In the records below, find the line with "ACEL National Conference" and repeat exactly every line from it through the line with "Shanti Celeste and". Pictures stay out.

* Input records *
⟨

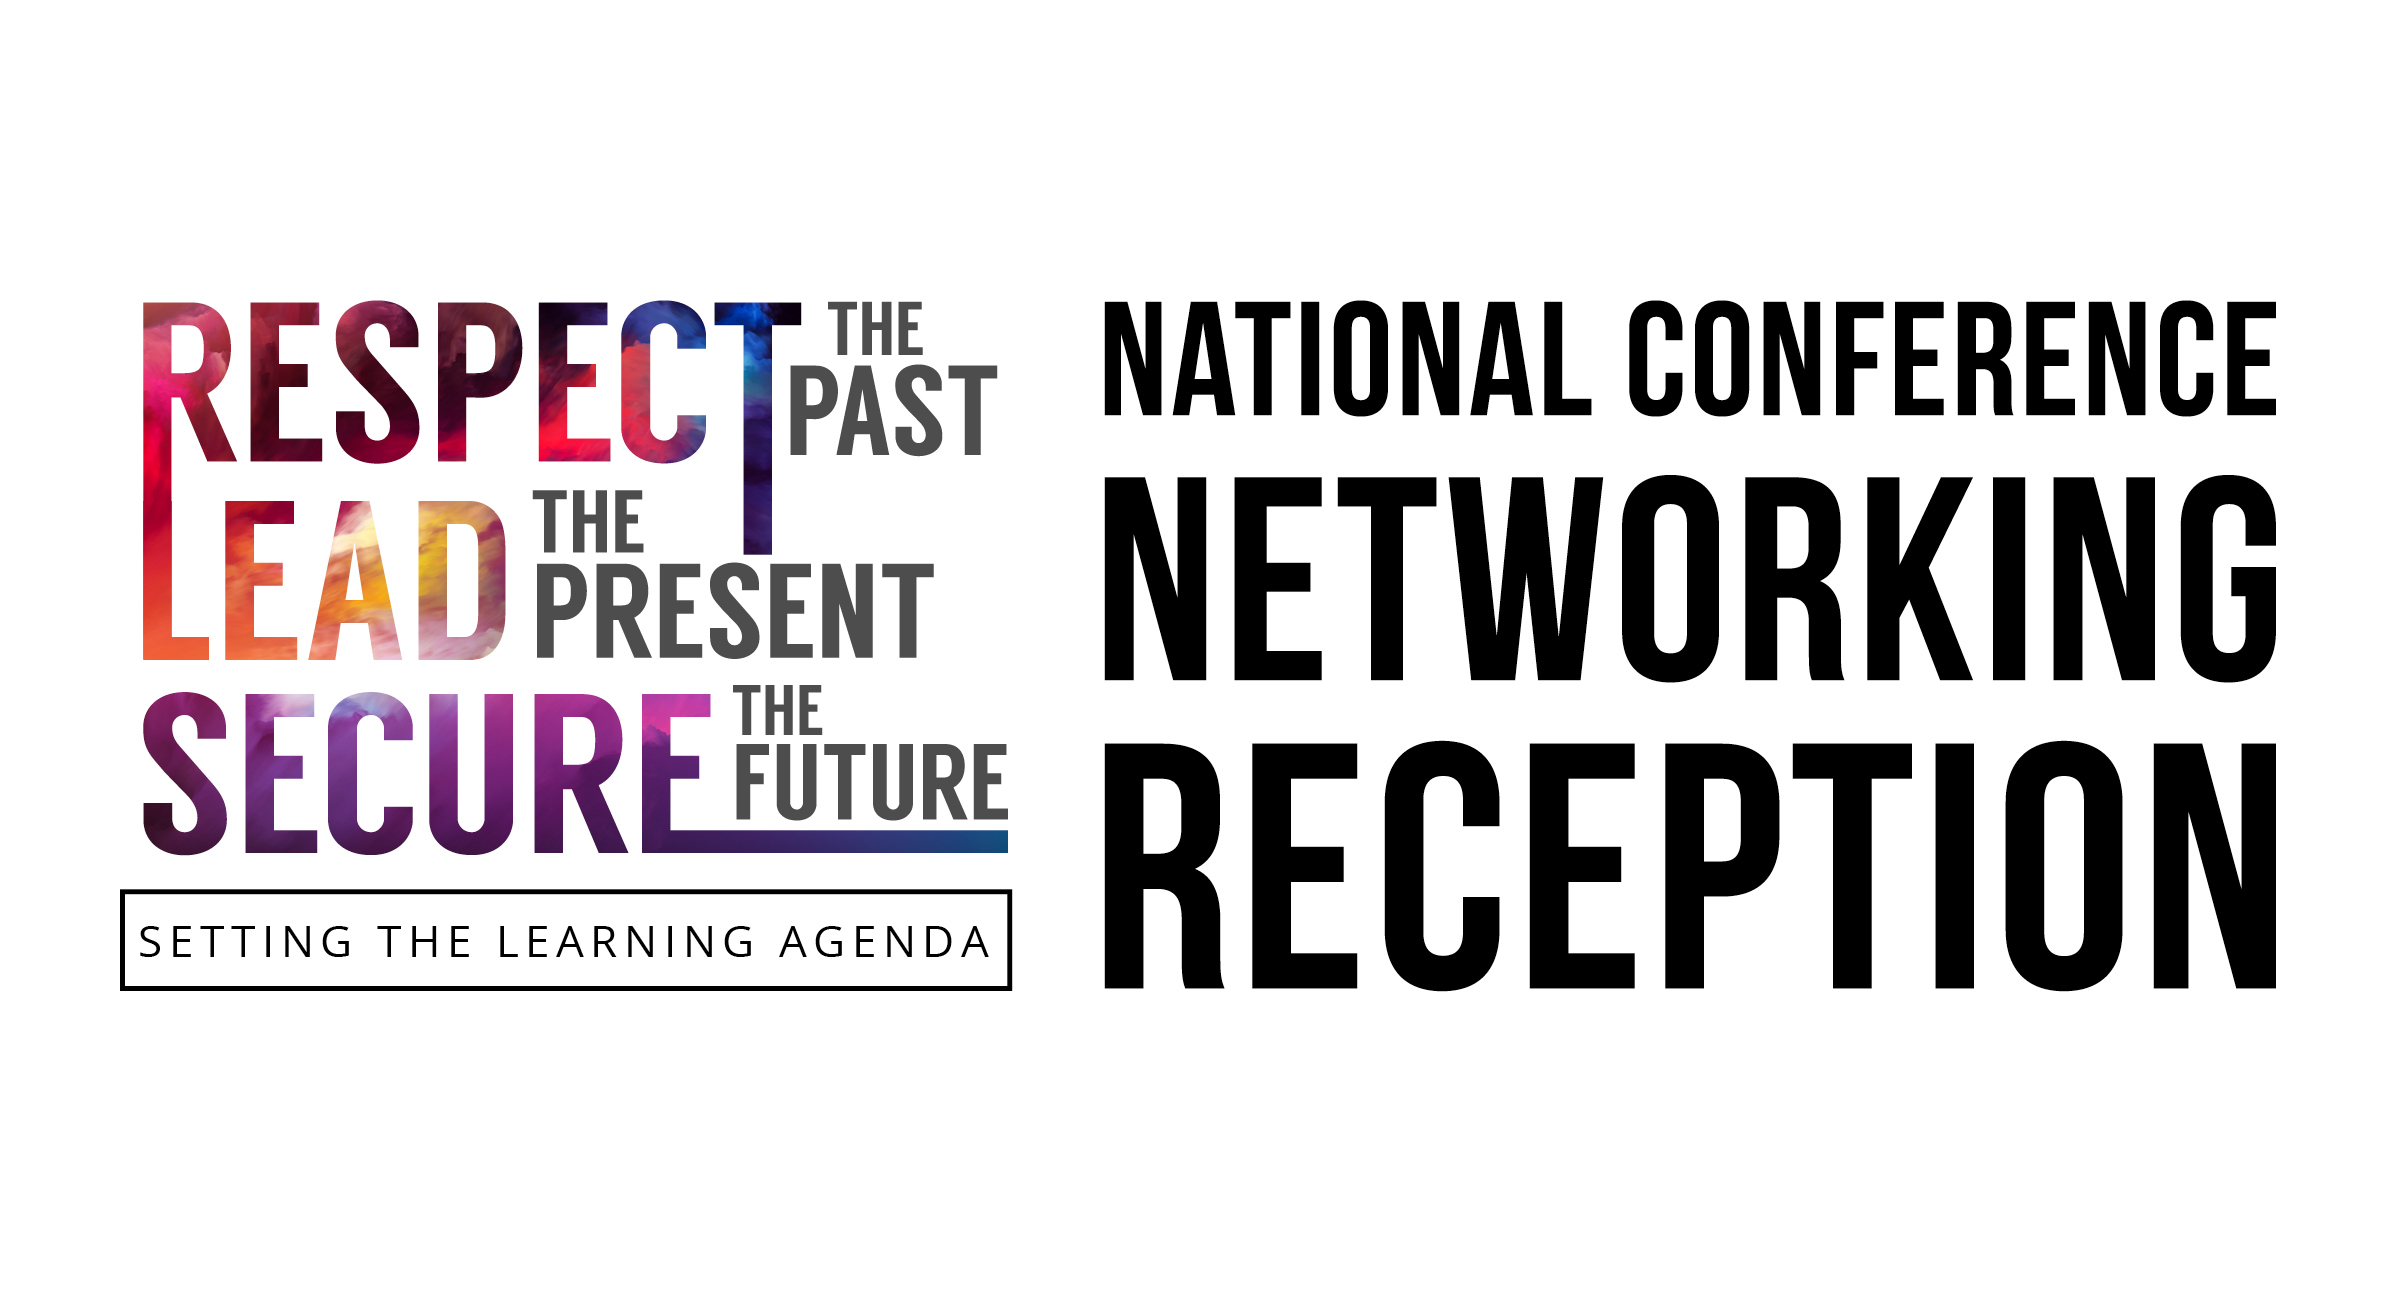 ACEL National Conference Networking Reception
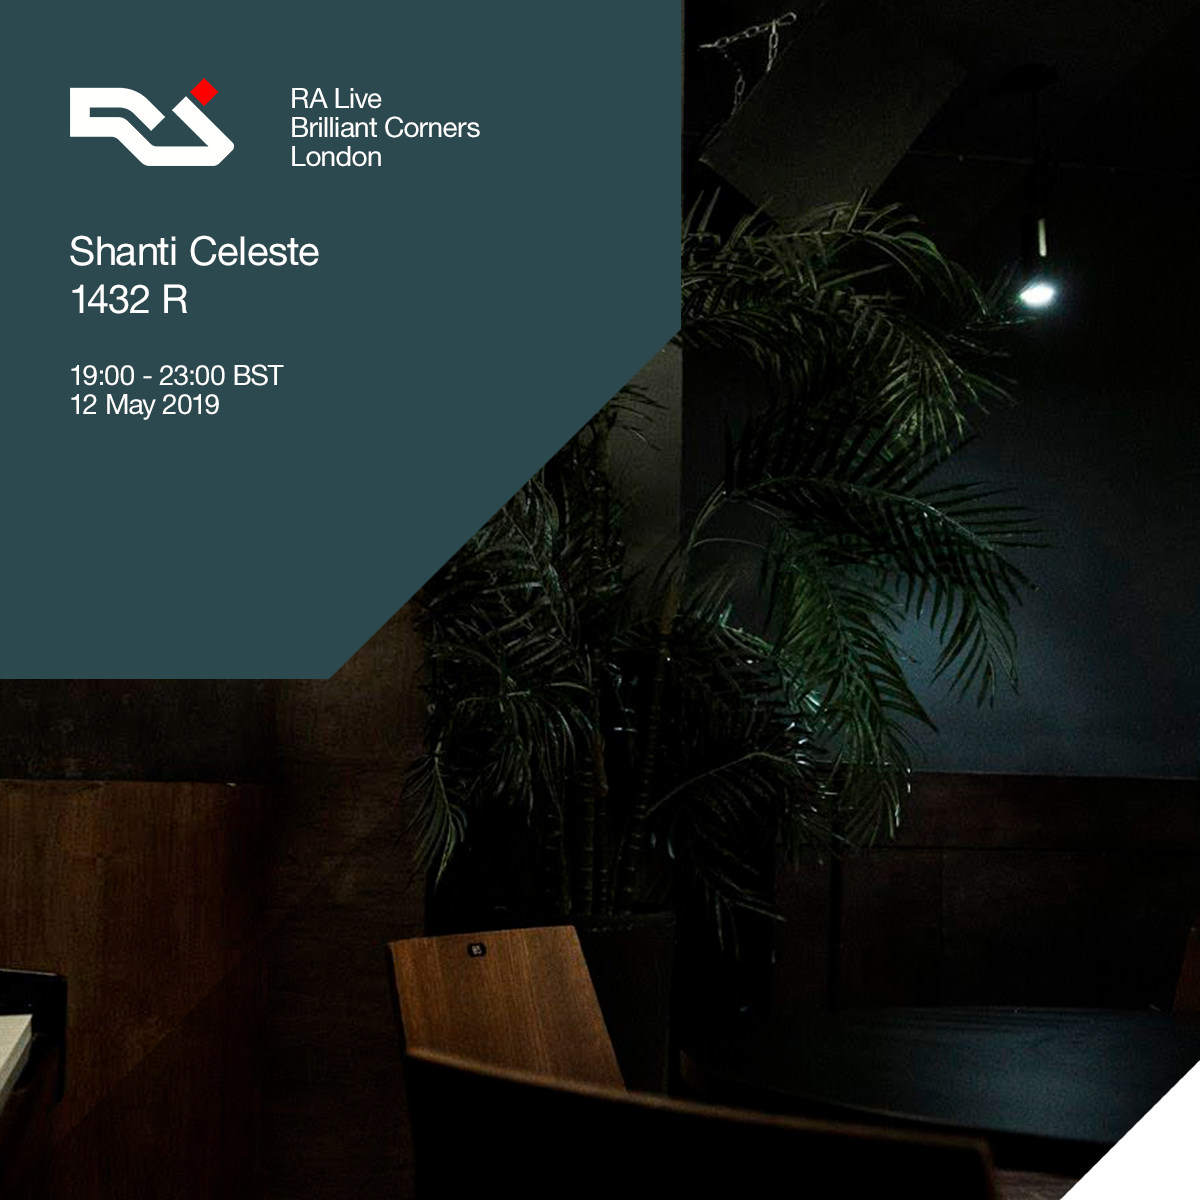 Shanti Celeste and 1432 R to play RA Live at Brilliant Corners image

⟩
⟨

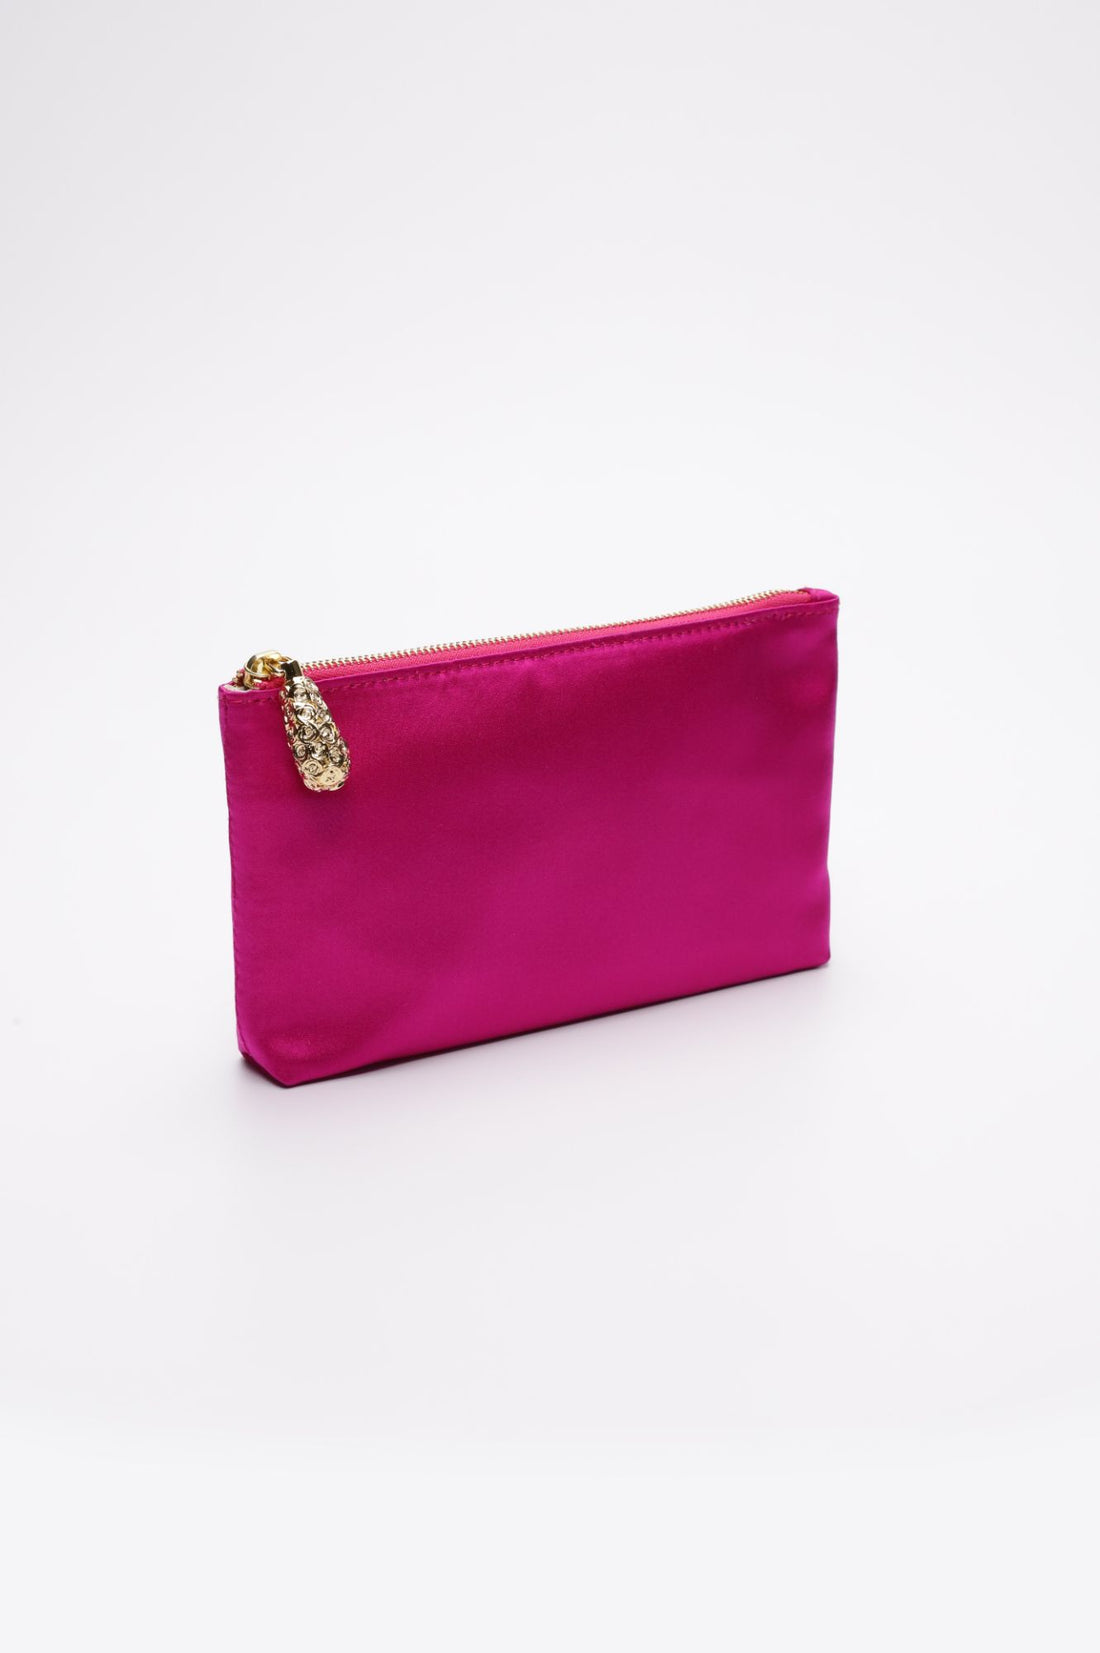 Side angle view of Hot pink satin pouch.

⟩

* Solution below *
 ACEL National Conference Networking Reception
 Shanti Celeste and 1432 R to play RA Live at Brilliant Corners image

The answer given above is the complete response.